# Rossi Mod 92 in .45 Colt



## muleskinner2 (Oct 7, 2007)

I ordered a Skinner Peep sight for my Rossi. It came yesterday, and I installed it today. When I removed the factory Buckhorn sight, I discovered four threaded holes for mounting a scope rail. I didn't know that Rossi rifles were drilled and tapped.

With the Buckhorn rear sight I can get a three or four inch group at twenty five yards, from a rest. With the peep sights from a rest, I can get four out of five holes touching at twenty five yards.

After sighting it in, I removed the threaded sight insert, and made it a ghost ring sight. I got five holes touching at twenty five yards, then rolled soda cans out to fifty yards. I am very happy with the Skinner Sight.
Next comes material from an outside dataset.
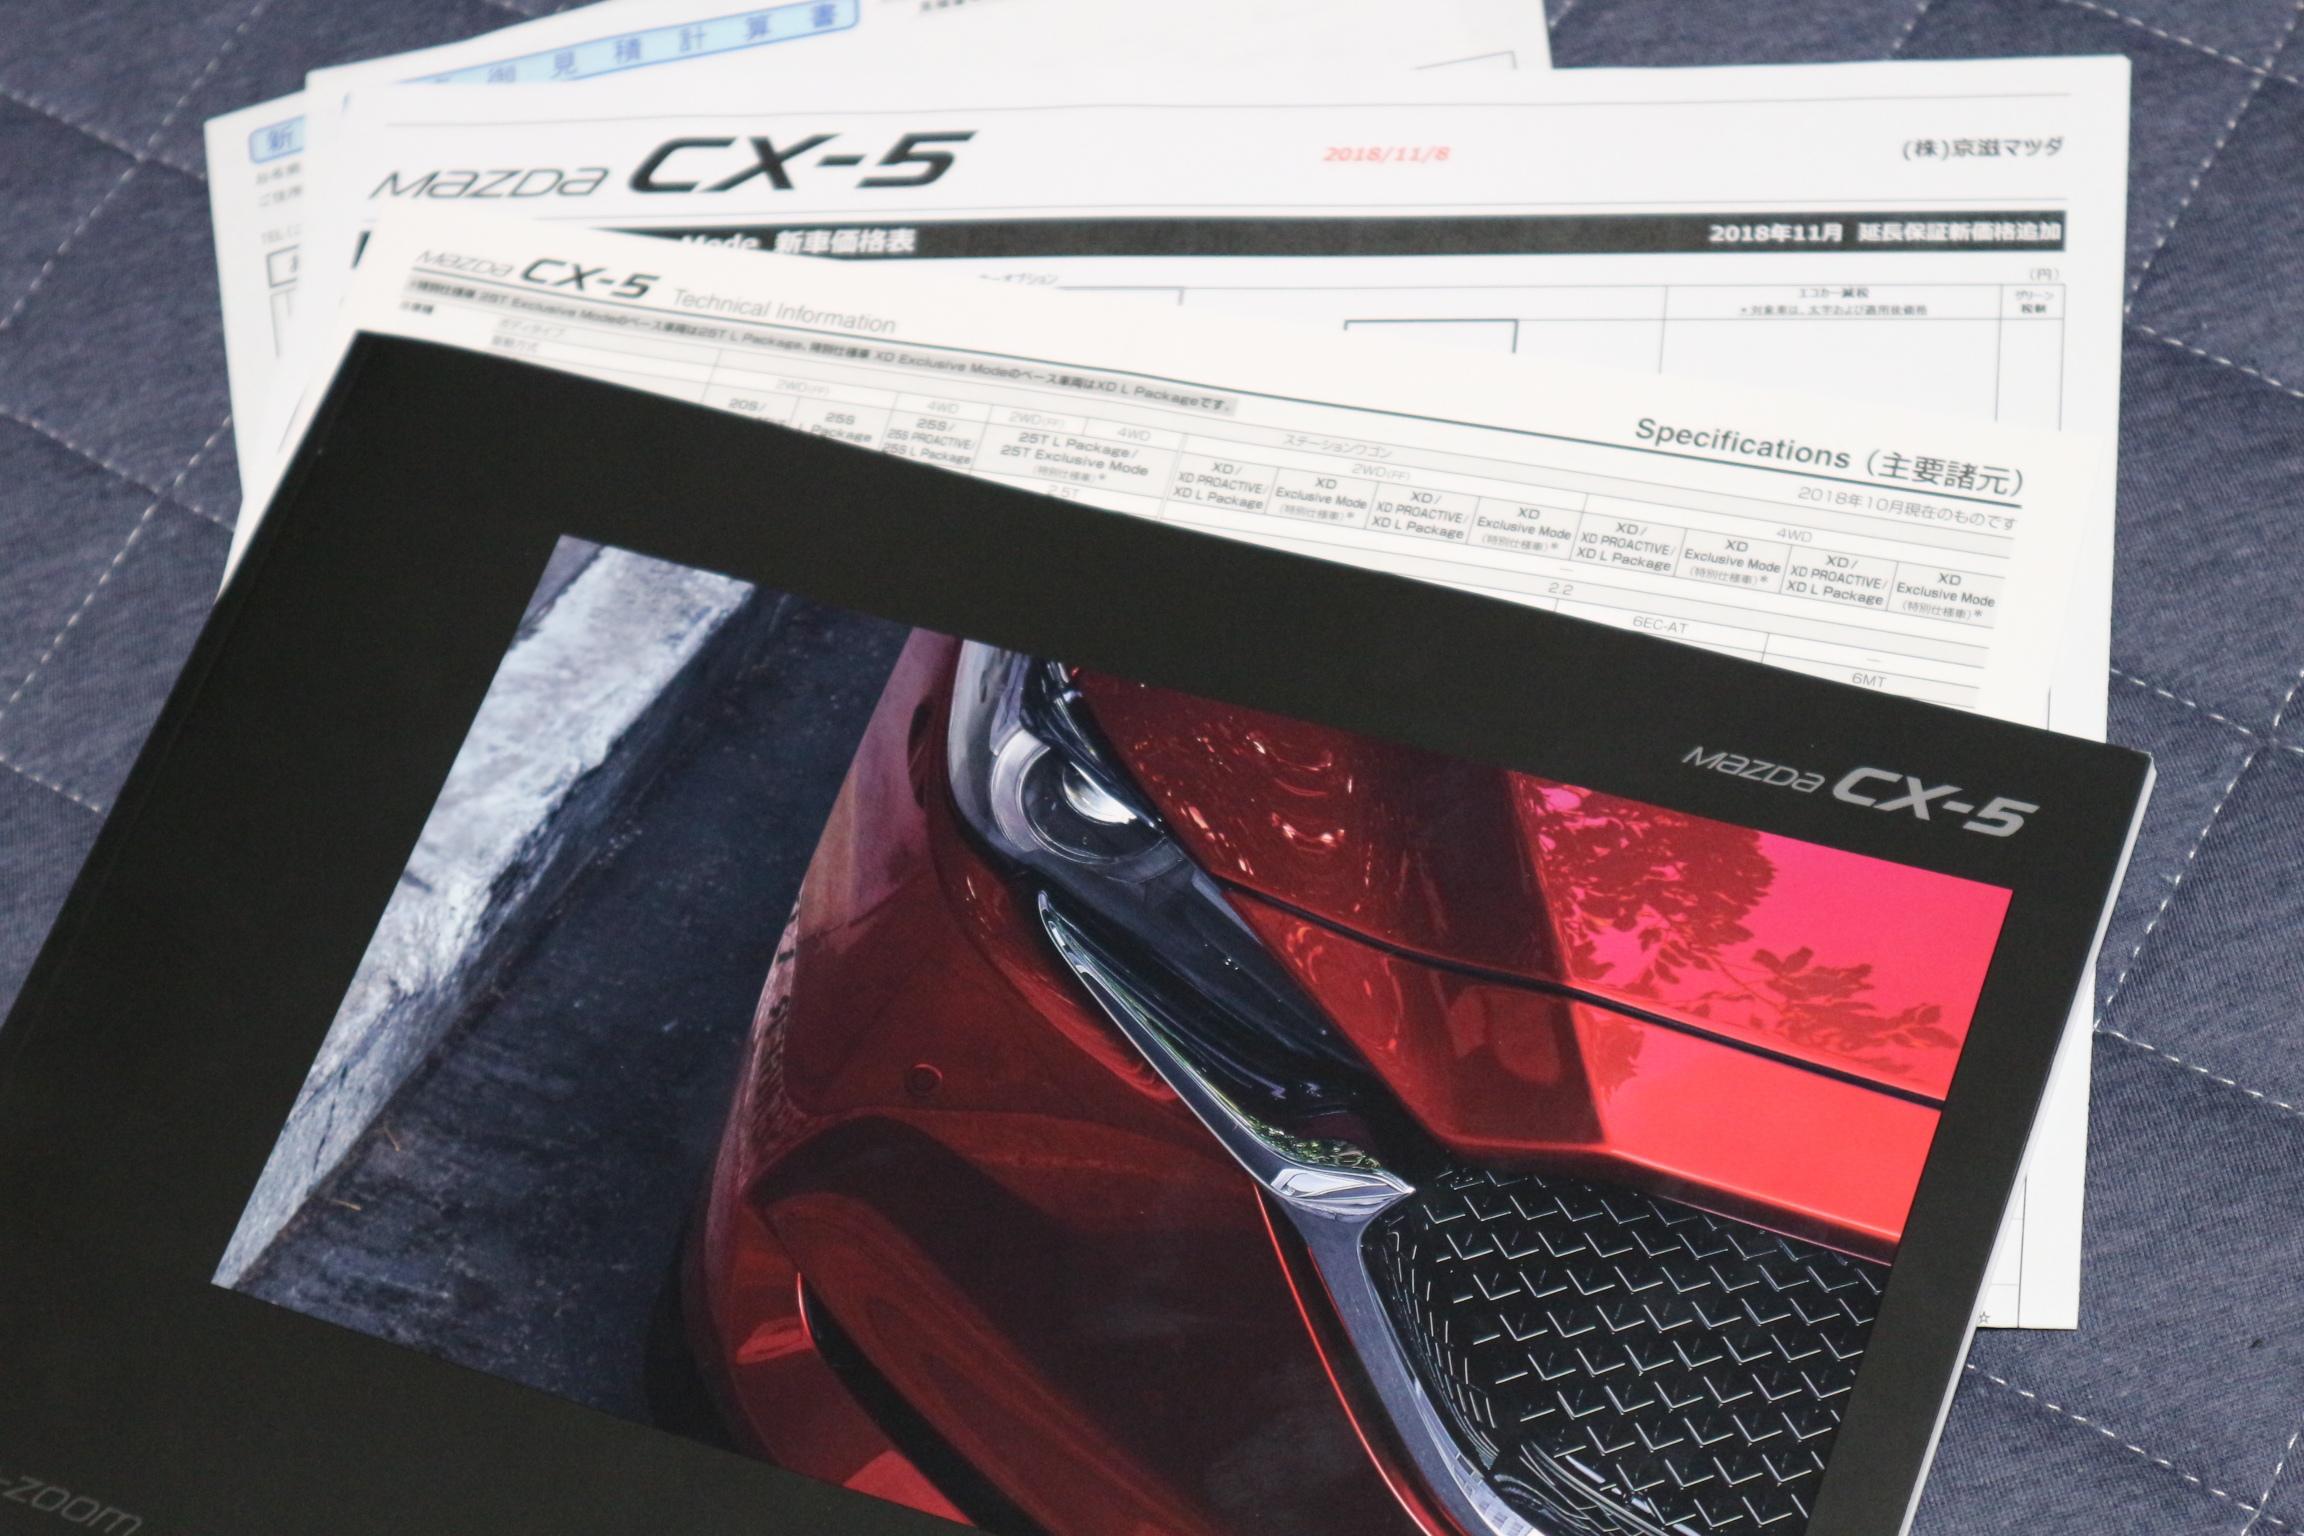 CX57.jpg

I am shooting my own hand loads. A 200 gr Keith style semi wad cutter, over 9.5 gr of Unique.


----------



## GunMonkeyIntl (May 13, 2013)

Tang-mounted peep?


----------



## GREENCOUNTYPETE (Jul 25, 2006)

the Skinner is typically a bit more of a ghosting receiver mount although they have smaller apertures available


----------



## GREENCOUNTYPETE (Jul 25, 2006)

I looking at the Rossi 92 I would guess it is this sight


----------



## GREENCOUNTYPETE (Jul 25, 2006)

I like the Marbles sights that go right in the dove tail I have used a couple for them one muzzle loaders 








Marble's Bullseye Rear Sight 2-3/4 Double Step Elevator .338 to .535


The Bullseye rear sight naturally centers the front bead much like an aperture sight but with improved target visibility. Young or inexperienced...




www.midwayusa.com


----------



## muleskinner2 (Oct 7, 2007)

GunMonkeyIntl said:


> Tang-mounted peep?


No, it's mounted on the barrel, in the dovetail where the buckhorn sight was.


----------



## muleskinner2 (Oct 7, 2007)

GREENCOUNTYPETE said:


> the Skinner is typically a bit more of a ghosting receiver mount although they have smaller apertures available


I use the small aperture to get the rifle sighted in. Then I remove the small aperture and shoot with the larger ring. Once it is sighted in the small aperture is no aid to accuracy, or speed.


----------



## muleskinner2 (Oct 7, 2007)

GREENCOUNTYPETE said:


> I like the Marbles sights that go right in the dove tail I have used a couple for them one muzzle loaders
> 
> 
> 
> ...


This is the type of sight that I installed.


----------



## muleskinner2 (Oct 7, 2007)

GREENCOUNTYPETE said:


> I looking at the Rossi 92 I would guess it is this sight


This is the type of sight I installed. My rifle is stainless steel, so I went with the blued sight. I haven't decided if I am going to change the front sight. I don't like the gold dot on the factory sight. It is useful for about five minutes as the sun is going down. In strong sunlight it reflects too much light and makes it hard to get a clear sight picture. I like a flat topped black post best of all.


----------



## GREENCOUNTYPETE (Jul 25, 2006)

Skinner has front sights , they have black ramps with white lines as well as black , brass 

the have a plastic one you put in file or cut to deturmine the exact height you need then order that height in blue steel 

I use a Globe front sight on my Marlin Front Sights, globe - Track of the Wolf
the marlin uses a receiver peep sight Williams fool proof

you can choose the sight insert you prefer I run the narrow on the 30-30 and I have a wide on a 22lr where I sometimes use the front sight for windage hold over left corner , center , right corner or some where in between , that is a target 22lr I shot silhouettes with


----------



## CloudDancer (Dec 14, 2021)

Neat!


----------



## muleskinner2 (Oct 7, 2007)

GREENCOUNTYPETE said:


> receiver peep sight Williams fool proof


I used a Williams on my 30-30 saddle gun for years. It is a good sight, but the mount is too wide. It rubbed a hole in my rifle scabbard.


----------



## GREENCOUNTYPETE (Jul 25, 2006)

the skinner is a much cleaner sight system, the Williams is great for adjust ability but it has square edges and wasn't really designed to be a set it and forget it rock solid working gun sight 

but it does have a huge range of adjustment , I have one with target nobs and is click adjustable it is more of a silhouettes target sight and less so a saddle scabard gun sight


----------